Reading someone else’s diary, a decade after the event, isn’t necessarily that interesting and in part the fascination of this work lies in the installation rather than the images. The prints are suspended on lines criss-crossed through the gallery just above head height (if, like me, you’re quite short).

The images are sometimes charming, sometimes funny with many exhibiting a slightly bleak humour. The events of September 2001 are here of course, but overall world events play second fiddle to more mundane matters.

Shit happens

The installation makes it impossible to read the work as a diary – there is no beginning or end and no clear sense of time passing or of a story unfolding – but that’s not really the point. Though in a way the work acts as a window into Schütte’s mind, in the main these are images to enjoy as single frames in a non-narrative.

Thomas Schütte, Low Tide Wanderings, 2001 (installed in Print/Out at MoMA, 2011)Thomas Schütte, Low Tide Wanderings, 2001 (installed in Print/Out at MoMA, 2011)

It would be possible to pass through the space without noticing key moments in the work – such as the twin towers image – and simply enjoy the images one glanced at random for what they are.

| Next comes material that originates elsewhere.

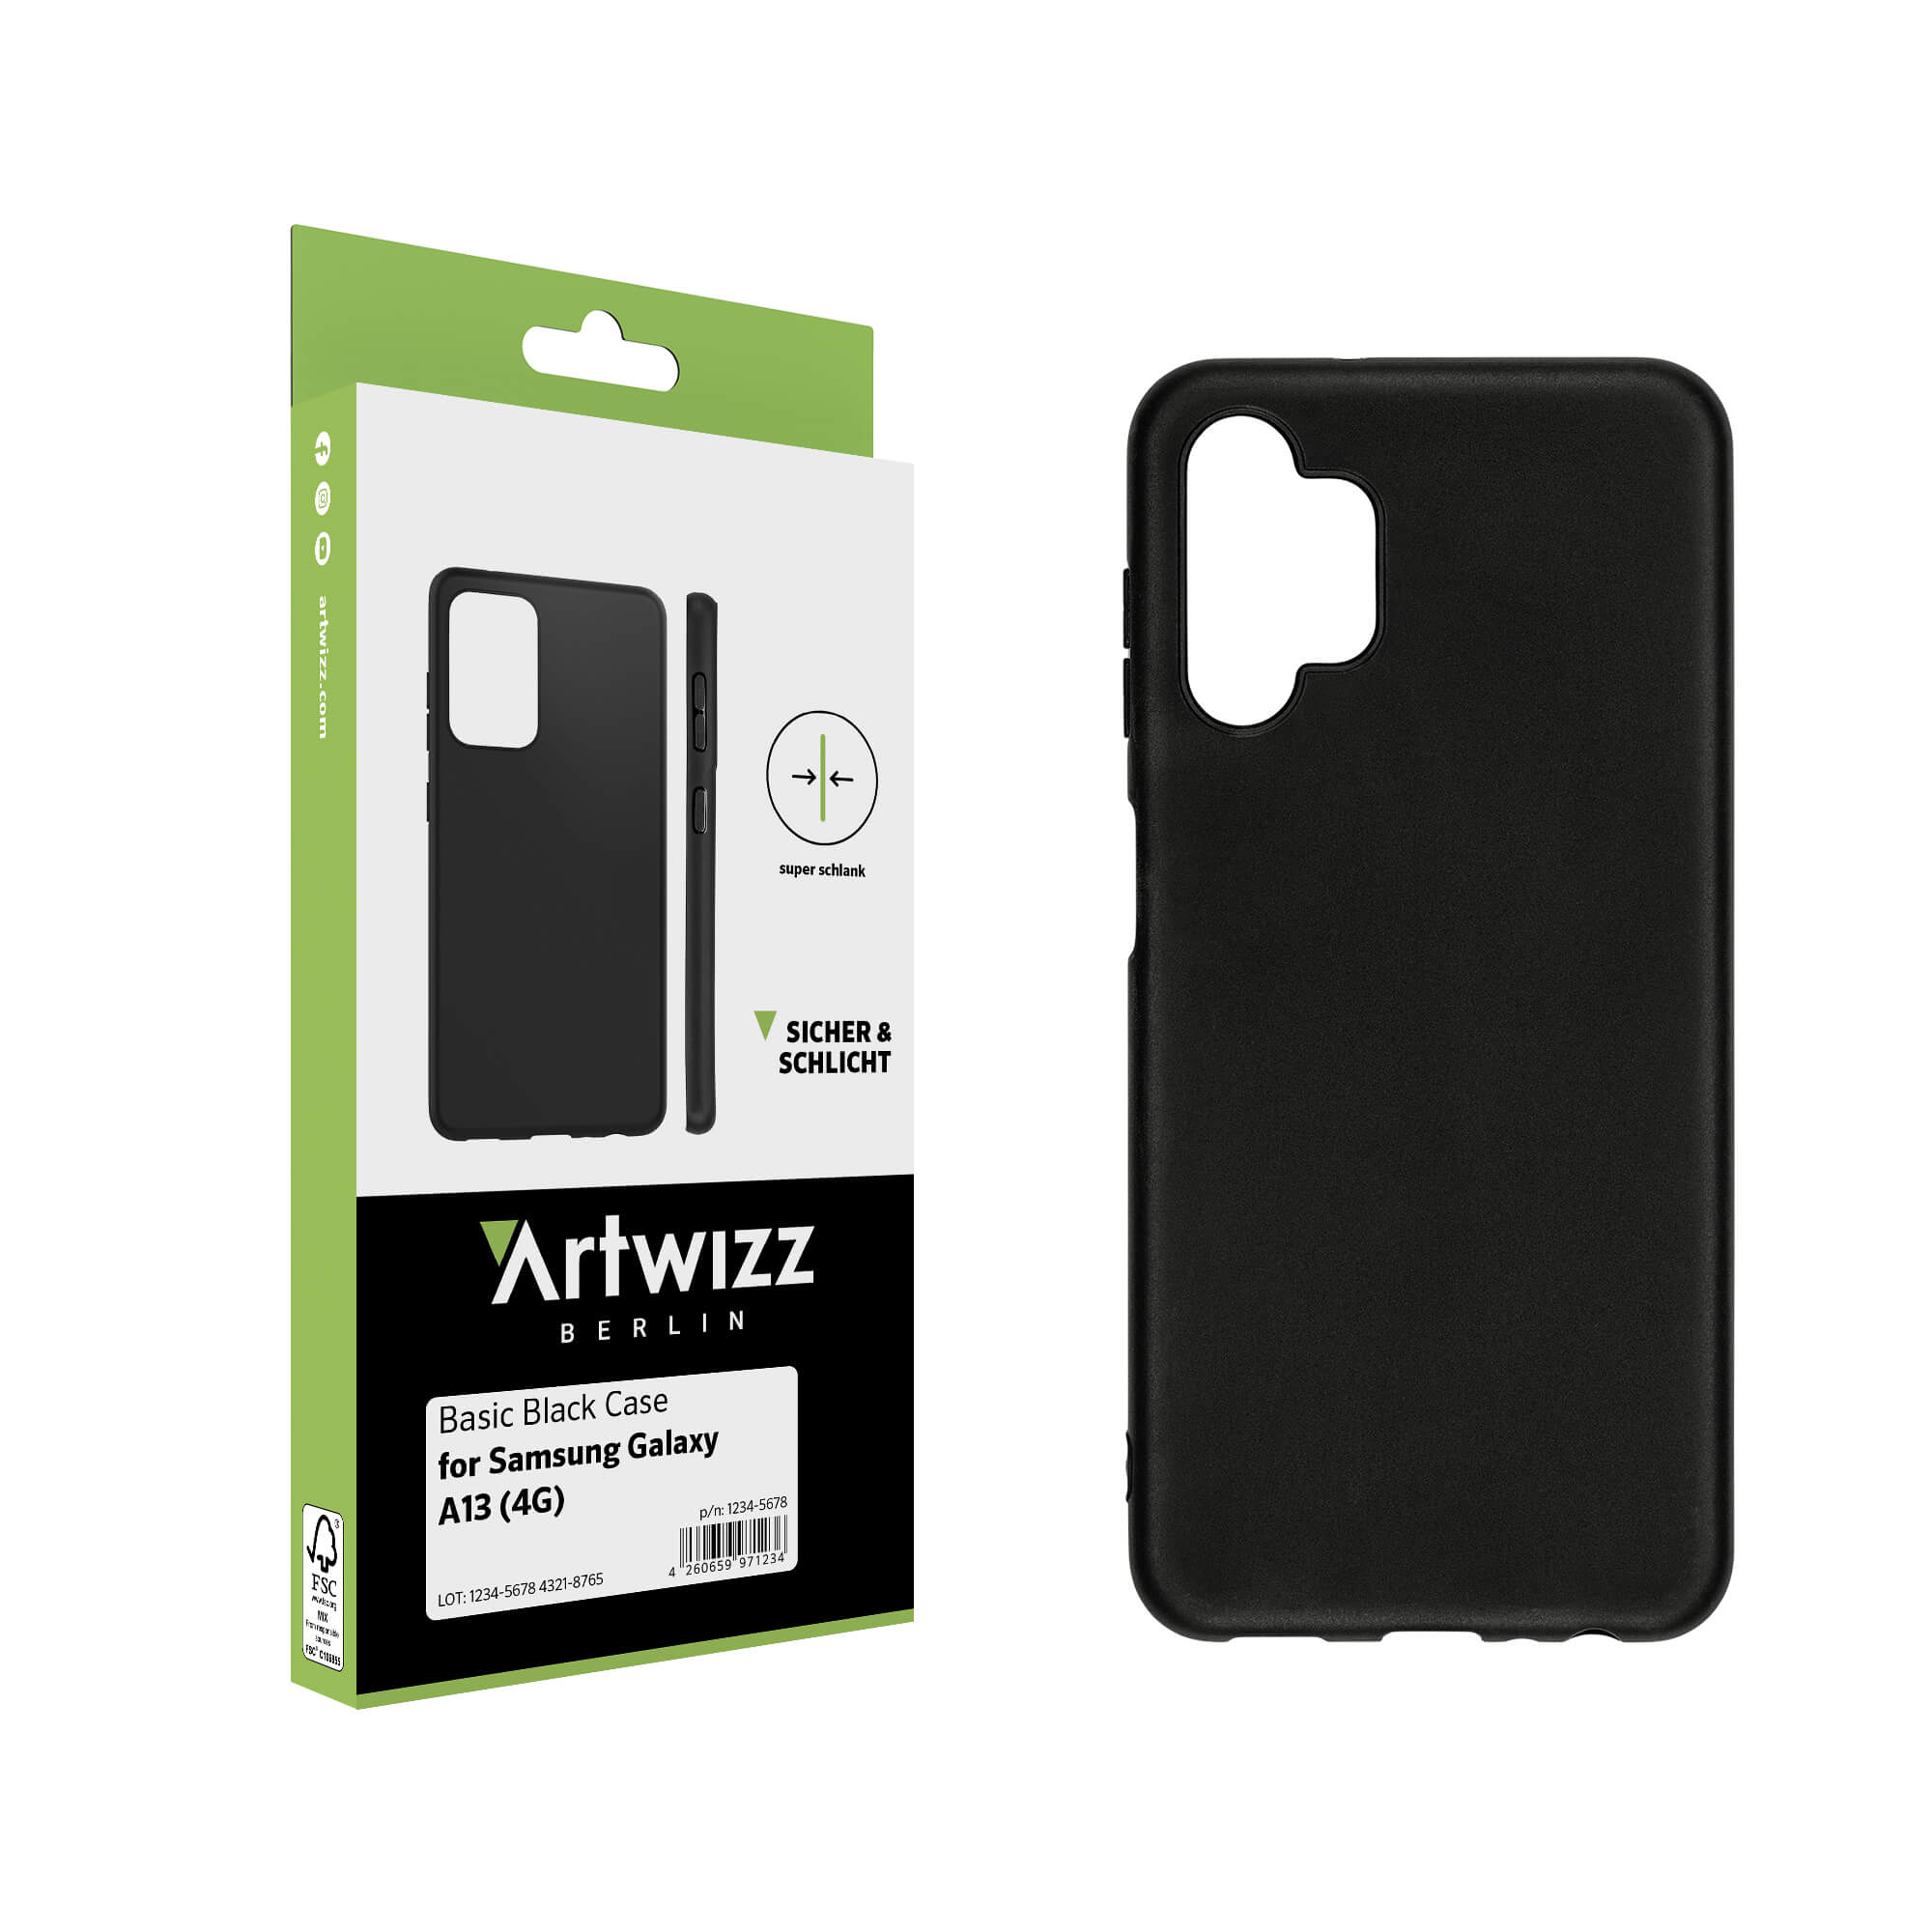 (4G), Galaxy Schwarz Basic Backcover, A13 Black ARTWIZZ Samsung, Case,

I suspect few people really look at all the prints and I’m not sure it’s remotely necessary to do so to appreciate the piece.

Overall Print/Out is an examination of printmaking’s increasing diversity of approaches and the move away from the ‘traditional print studio‘ so it’s interesting that Schütte’s work represents such a deliberate jump in the opposite direction. At a time when are can be made from anything, using whatever approach or process the artist deems appropriate, there is still a very clear place for the most traditional practices. Ultimately good art happens when the artist has something to say no matter how they choose to say it.